Собственно говоря, он был дальним родственником моей матери, и называя его столь фамильярно, мы лишь хотели невинно погреться в лучах его славы.

Всякий раз, когда Элоди сажала гуся на вертел или золотила булочки коричневой патокой, он принимал участие в кулинарном ритуале, обсуждая заинтересованно и со знанием дела достоинства соусов и специй.

Франс Питер Квансиус двенадцать лет прожил в Германии, там женился и там похоронил, после десяти лет безоблачной супружеской жизни, свою жену и свое счастье.

Он редко и скупо рассказывал об этом. Из Германии он привез, кроме страсти к философии, несколько собственных творений, как–то: небольшое сочинение о Гете и ряд переводов, из коих можно отметить великолепное переложение

«Писать! О суета, достойная безумца!»

Дядя, кстати говоря, пятью цветными карандашами пять раз подчеркнул сию не лишенную мудрости фразу.

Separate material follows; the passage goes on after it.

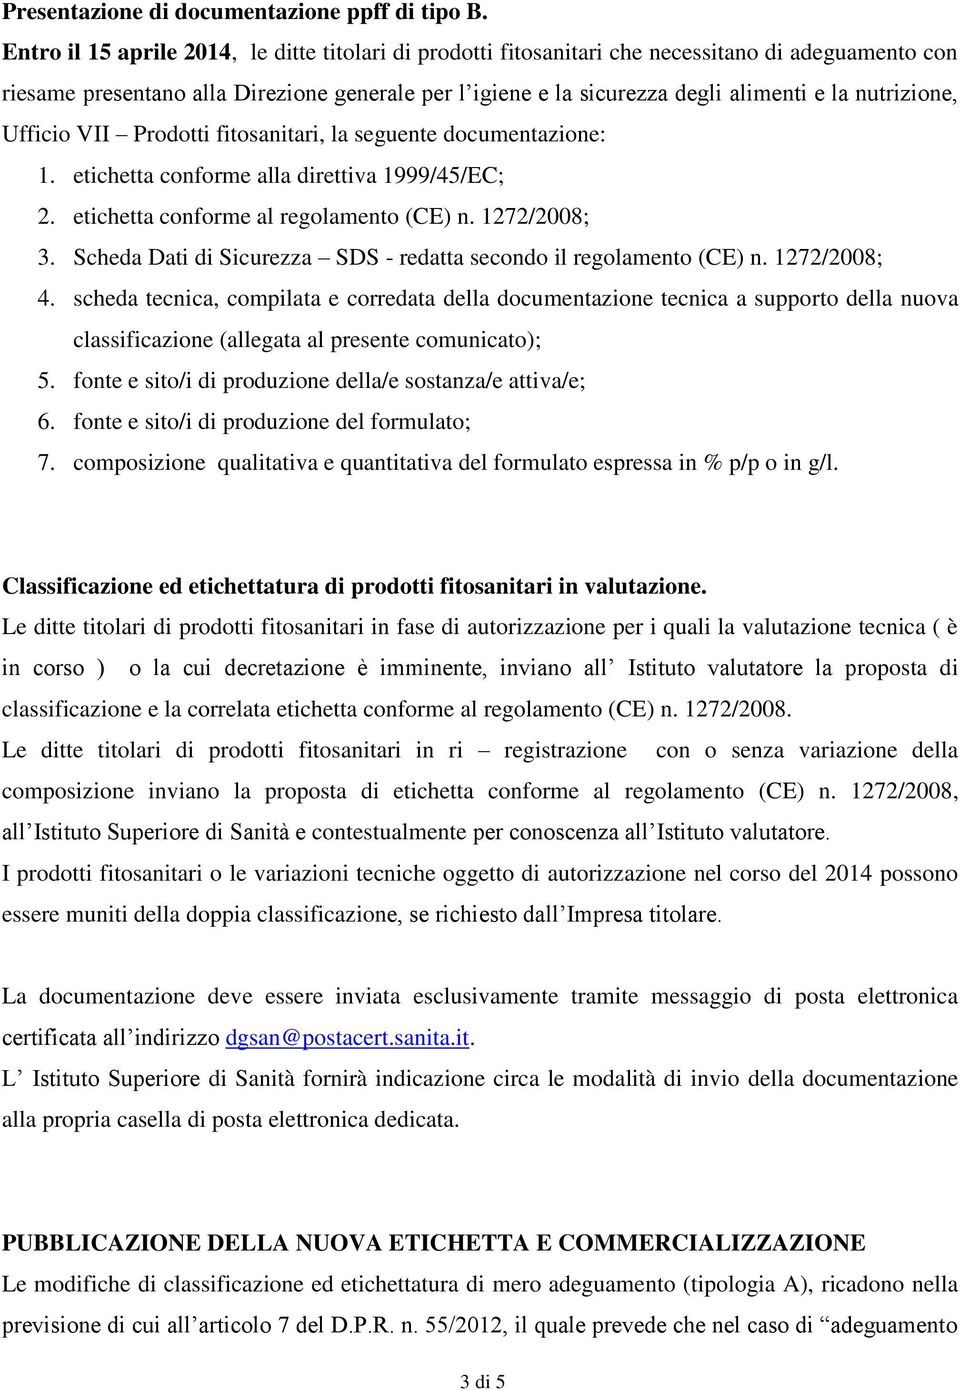 nutrizione, Ufficio VII Prodotti fitosanitari, la seguente documentazione: 1. etichetta conforme alla direttiva 1999/45/EC; 2. etichetta conforme al regolamento (CE) n. 1272/2008; 3.

Молчание и пыль… как тягостно ворошить страшные воспоминания. Только повелительный знак из глубины тьмы вынуждает меня…

* * *

Дядя Квансиус жил по соседству с нами в этом угрюмом, сыром, вечно сумрачном квартале…

Его дом был поменьше нашего, но выглядел столь же неприветливо и столь же горестно гудел и стонал от порывов шквального ветра.

Кухни, загнанные в полуподвал, старые скрипучие лестницы, холодные коридоры не очень–то радовали глаз. Лишь одна комната бросала презрительный вызов запустению. Высокая и светлая, драпированная желтым штофом, она согревалась изумительно красивой голландской печью и освещалась лампой с двойным фитилем, что спускалась с лепного потолка на трех витых золоченых шнурах.

Днем массивный овальный стол был завален книгами и папками с гравюрами и миниатюрами, но вечером… вечером на льняной скатерти, вышитой голубым и оранжевым узором, сверкал редкий фаянс и богемский хрусталь.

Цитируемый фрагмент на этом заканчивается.